When rke2 is loading images, does the order matter...
# rke2
b
When rke2 is loading images, does the order matter? Does rke2 short-circuit running the kubelet if the resources are loaded first? On systems with slow disk we are seeing long image load times, so we are thinking that if we change the order of what images are loaded that the clusters start up time will be reduced. However, if RKE2 just waits for all the images to load before starting the kubelet, the image load order won't matter.
Copy code
time="2025-03-05T11:12:42-08:00" level=info msg="Imported images from /data/rancher/rke2/agent/images/rke2-runtime.tar.zst in 2.164178596s"
time="2025-03-05T11:21:43-08:00" level=info msg="Imported images from /data/rancher/rke2/agent/images/sensor-images-base-amd64.tar.zst in 9m1.013485723s"
time="2025-03-05T11:21:43-08:00" level=info msg="Importing images from /data/rancher/rke2/agent/images/sensor-images-ml-amd64.tar.zst"
...
time="2025-03-05T11:25:46-08:00" level=fatal msg="Failed to get request handlers from apiserver: context deadline exceeded, failed to get apiserver /readyz status: Get \"<https://127.0.0.1:6443/readyz?timeout=15m0s>\": dial tcp 127.0.0.1:6443: connect: connection refused"
...
time="2025-03-05T11:27:15-08:00" level=info msg="Imported images from /data/rancher/rke2/agent/images/rke2-runtime.tar.zst in 32.039261802s"
time="2025-03-05T11:33:01-08:00" level=info msg="Imported images from /data/rancher/rke2/agent/images/sensor-images-base-amd64.tar.zst in 5m45.071635076s"

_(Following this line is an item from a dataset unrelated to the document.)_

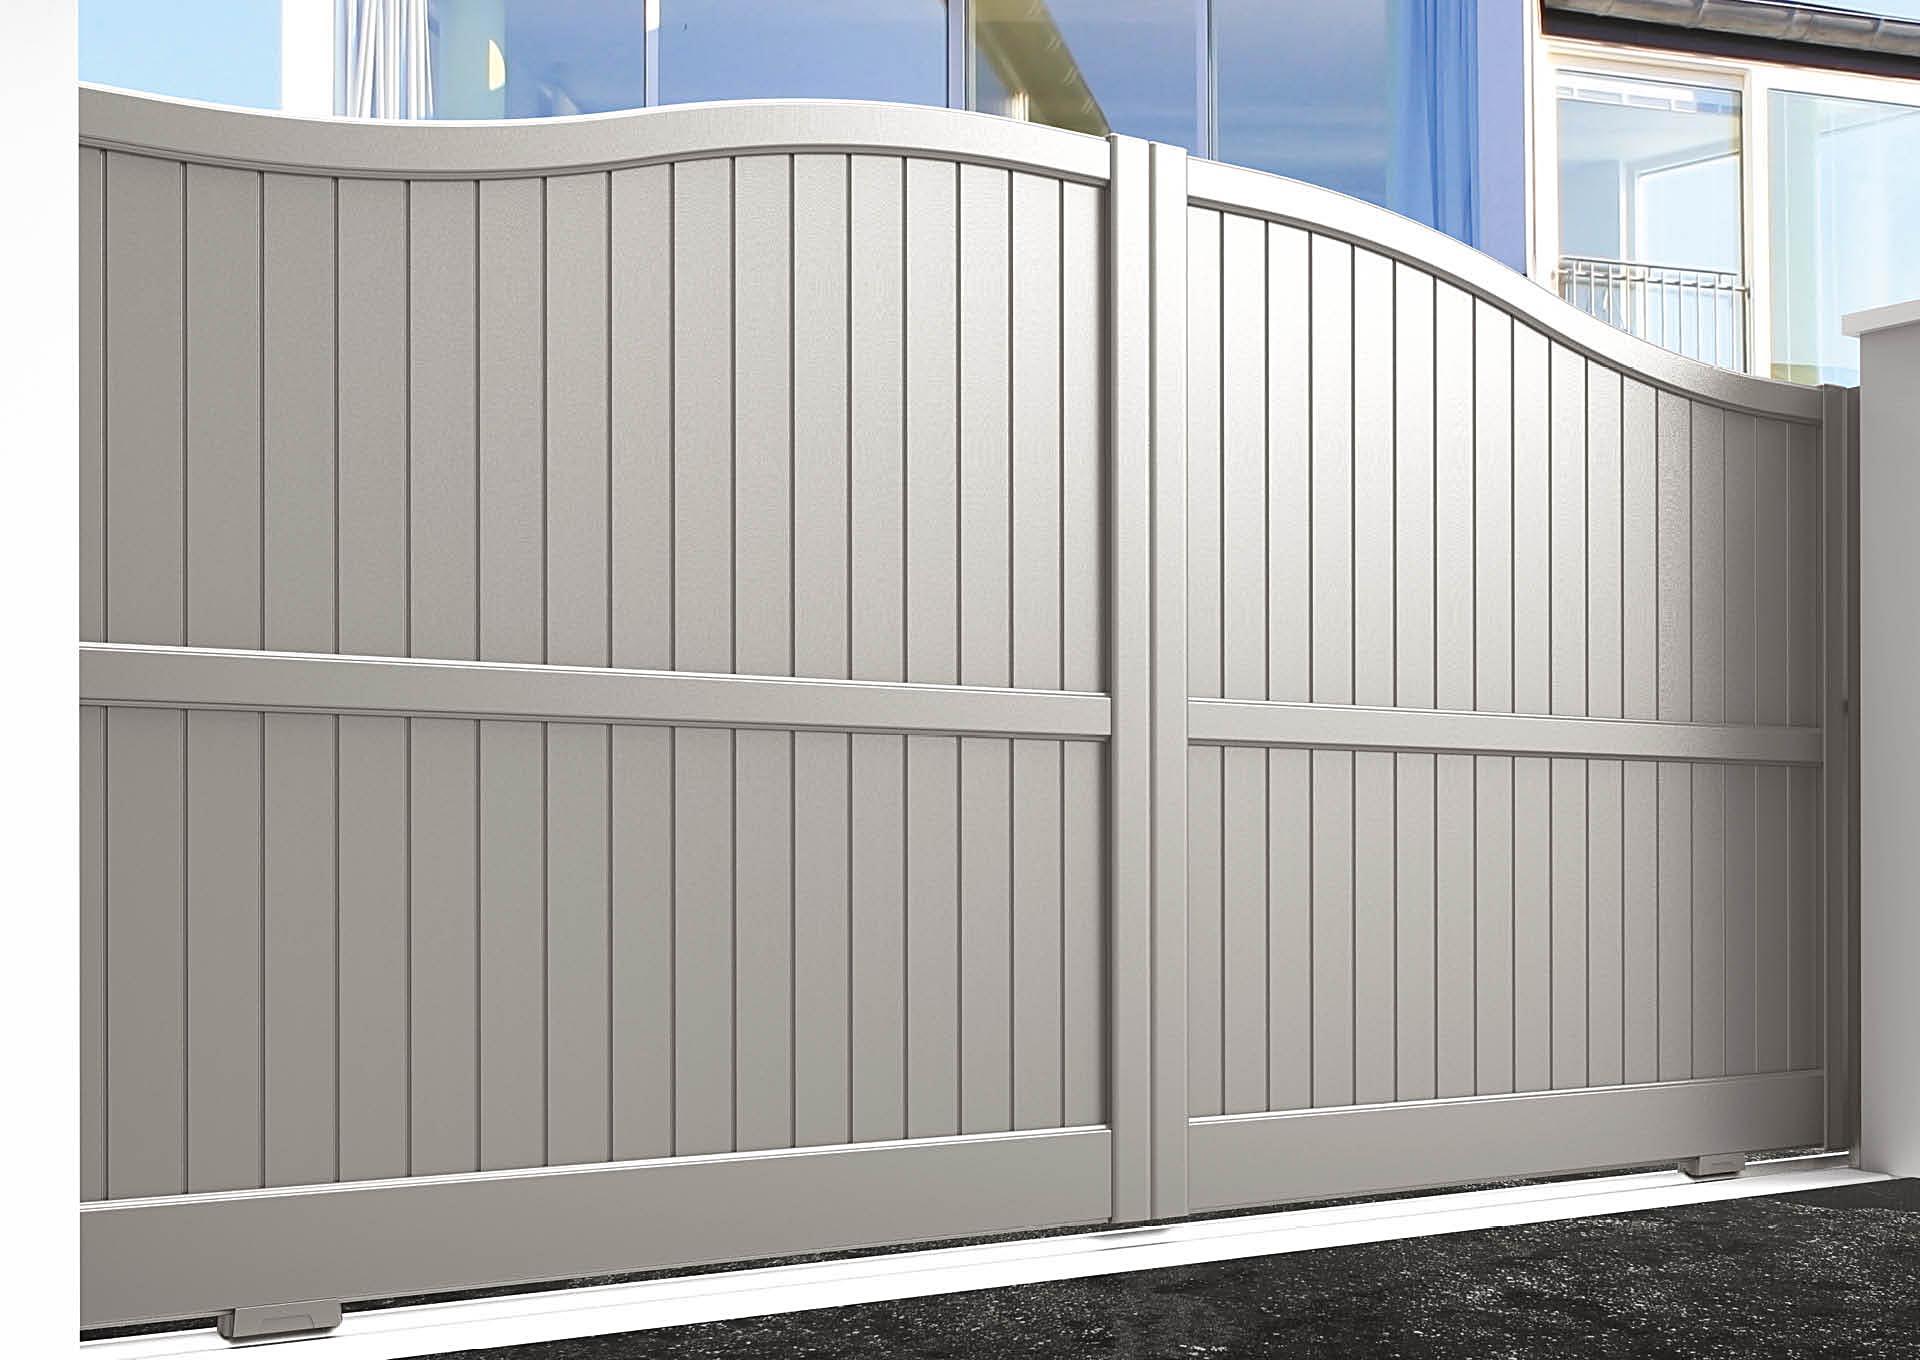 Portail coulissant aluminium Lames verticales 100 mm + traverse intermédiaire

time="2025-03-05T11:35:25-08:00" level=info msg="Imported images from /data/rancher/rke2/agent/images/sensor-images-ml-amd64.tar.zst in 2m24.502709118s"

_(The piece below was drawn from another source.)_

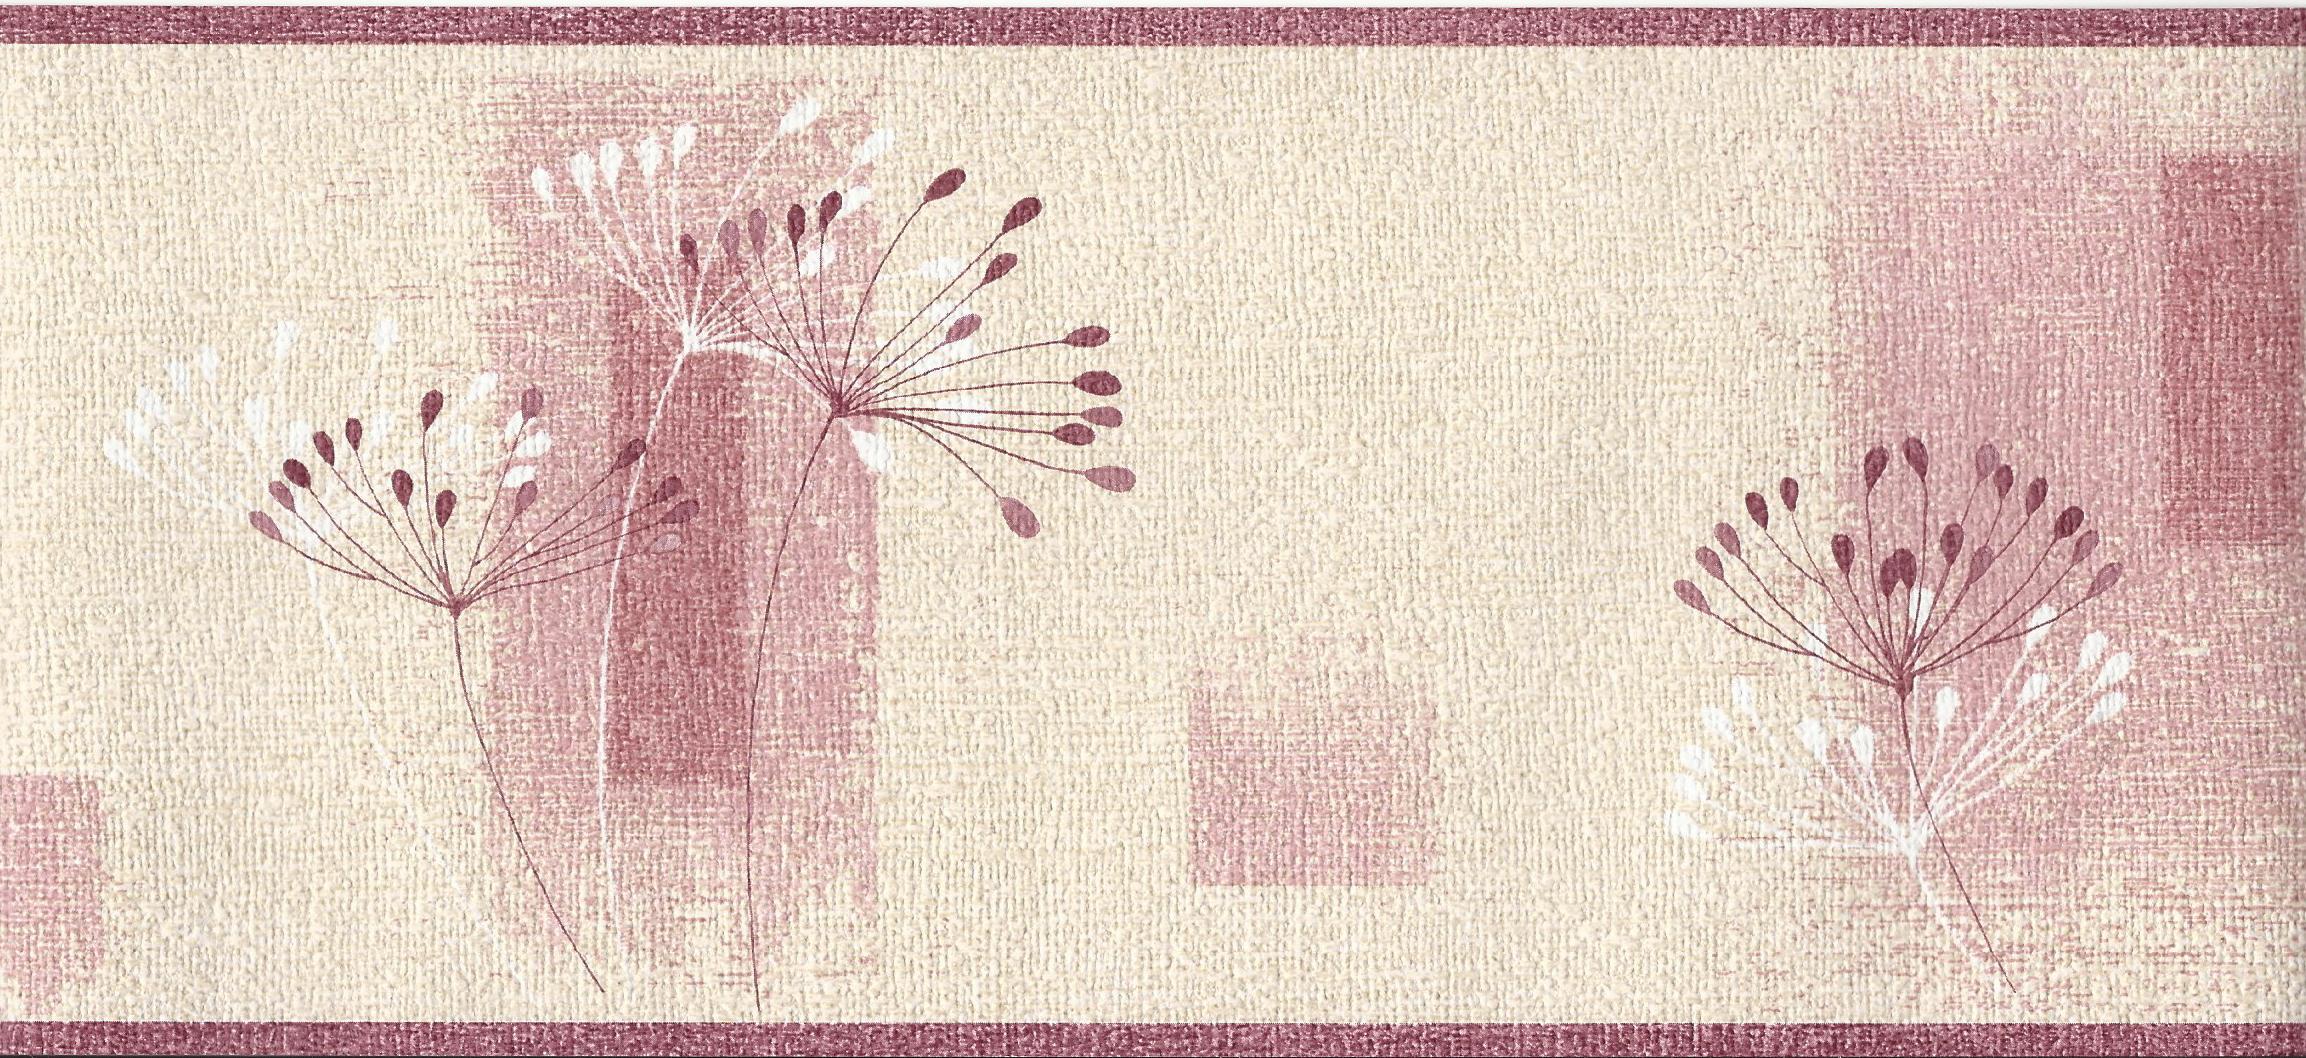 Dandelion Textured Cream Pink Border 97024 by EuroStudio 2306x1058

time="2025-03-05T11:35:48-08:00" level=info msg="Imported images from /data/rancher/rke2/agent/images/sensor-images-rke2-canal-amd64.tar.zst in 23.352564471s"
time="2025-03-05T11:36:58-08:00" level=info msg="Imported images from /data/rancher/rke2/agent/images/sensor-images-rke2-core-amd64.tar.zst in 1m9.243913448s"
time="2025-03-05T11:36:58-08:00" level=info msg="Running kubelet ..."
...
time="2025-03-05T11:37:32-08:00" level=info msg="Kube API server is now running"
c
it imports all the images every time, before starting the kubelet. the kubelet is required to run etcd and apiserver static pods.
b
yeah. that's unfortunate.
c
You’ve definitely got too much stuff in that sensor-images tarball. Airgap images are not intended to be used to load a LOT of stuff, really just the stuff that is required to bootstrap the cluster. You should set up a local registry mirror and put it in there so that the images can be pulled on demand.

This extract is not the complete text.